- Location: St. Catharines, Ontario, Canada
- Appellation: Niagara Peninsula
- Other labels: The Hernder Picasso Foundation
- Founded: 1988 (1989)
- First vintage: 1991
- Key people: Fred Hernder, Angel Fusarelli, Angela Kasimos (winemaker)
- Parent company: n/a
- Known for: Riesling, Iced Fruit Wines
- Varietals: Vidal blanc, Cabernet Sauvignon, Baco noir, Pinot gris, Chardonnay, Gewürztraminer, Cabernet Sauvignon, Merlot, Cabernet Franc, Fruit wine
- Other products: Grape seed oil, Vinegar, Icewine Jellies, Hot Sauce, Gourmet Sauces

= Hernder Estate Wines =

Hernder Estate Wines is a Canadian winery located in Niagara Peninsula, Ontario.

==History==
The Hernder family is in its third generation of viticulture and is one of the largest family estate winery operations in Canada. Gottfried Hernder emigrated from Germany to Western Canada. In 1939, the family moved to St. Catharines, Ontario, to a mixed fruit farm that included acreage of indigenous grapes. After the passing of his father, Fred Hernder purchased the family farm in 1968, and began the acquisition of others. Fred Hernder began selling grapes, juice, and winemaking supplies to the growing home market as well as wineries.
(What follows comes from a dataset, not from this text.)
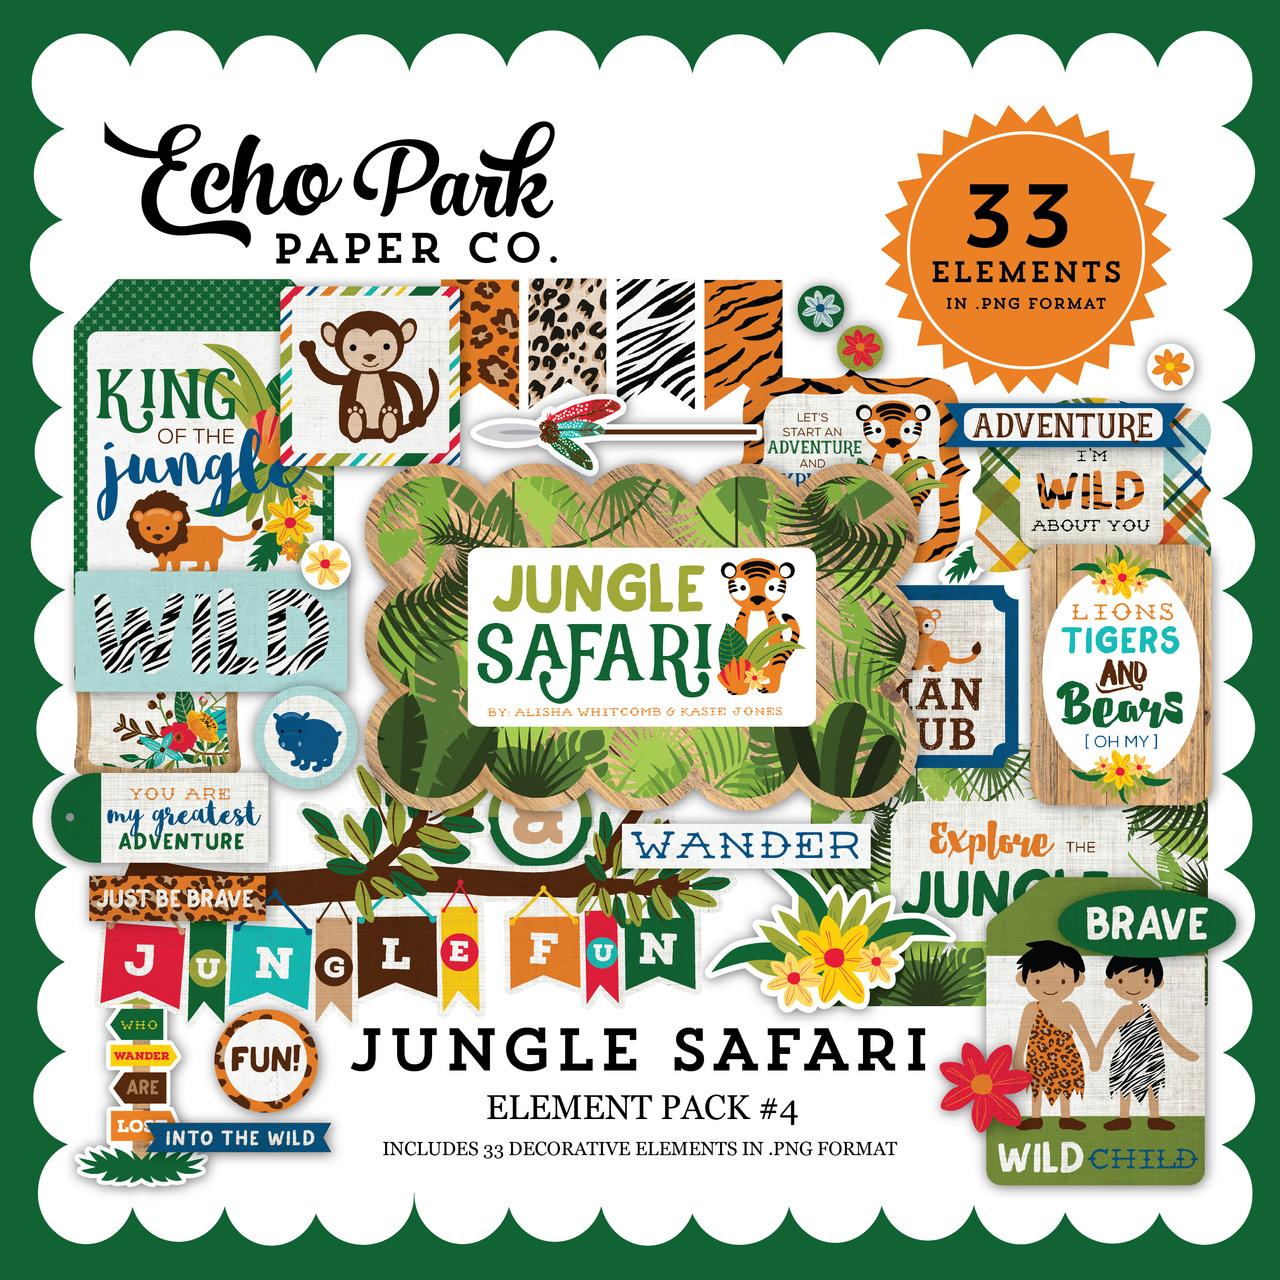 Jungle Safari Element Pack #4

In the late 1980s Fred Hernder replanted his acreage with classic Vitis vinifera and French hybrid varieties. This launched Hernder Estate Wines. The first vintage in 1991 consisted of 7,000 bottles of Vidal. On September 17, 1993, Hernder Estate Wines officially opened to the public.

==Current production==
Hernder Estate Wines presently produces more than 25 varieties of V.Q.A. (Vintners Quality Alliance) wines from its 500 acre of land spread between St. Catharines and Beamsville. Current plantings focus on traditional Vitis vinifera varieties including Chardonnay, Riesling, Gewürztraminer, Cabernet Sauvignon, Merlot, Cabernet Franc, and Pinot gris. Other varieties include varieties suited to cool climate such as Vidal, Baco noir and Maréchel Foch. Hernder Estate Wines also produces fruit wines and Iced Fruit Wines, utilizing Ontario fruits. All Hernder table wines are produced from 100% Ontario grapes, and all have attained the V.Q.A. status.

==Awards==
Hernder Estate Wines has won multiple awards from competitions such as Toronto Wine and Cheese Show; Ottawa Wine & Food Show; Chardonnay du Monde; Ontario Wine Awards; All-Canadian Wine Championship; Intervin 2003; and Canadian Wine Awards.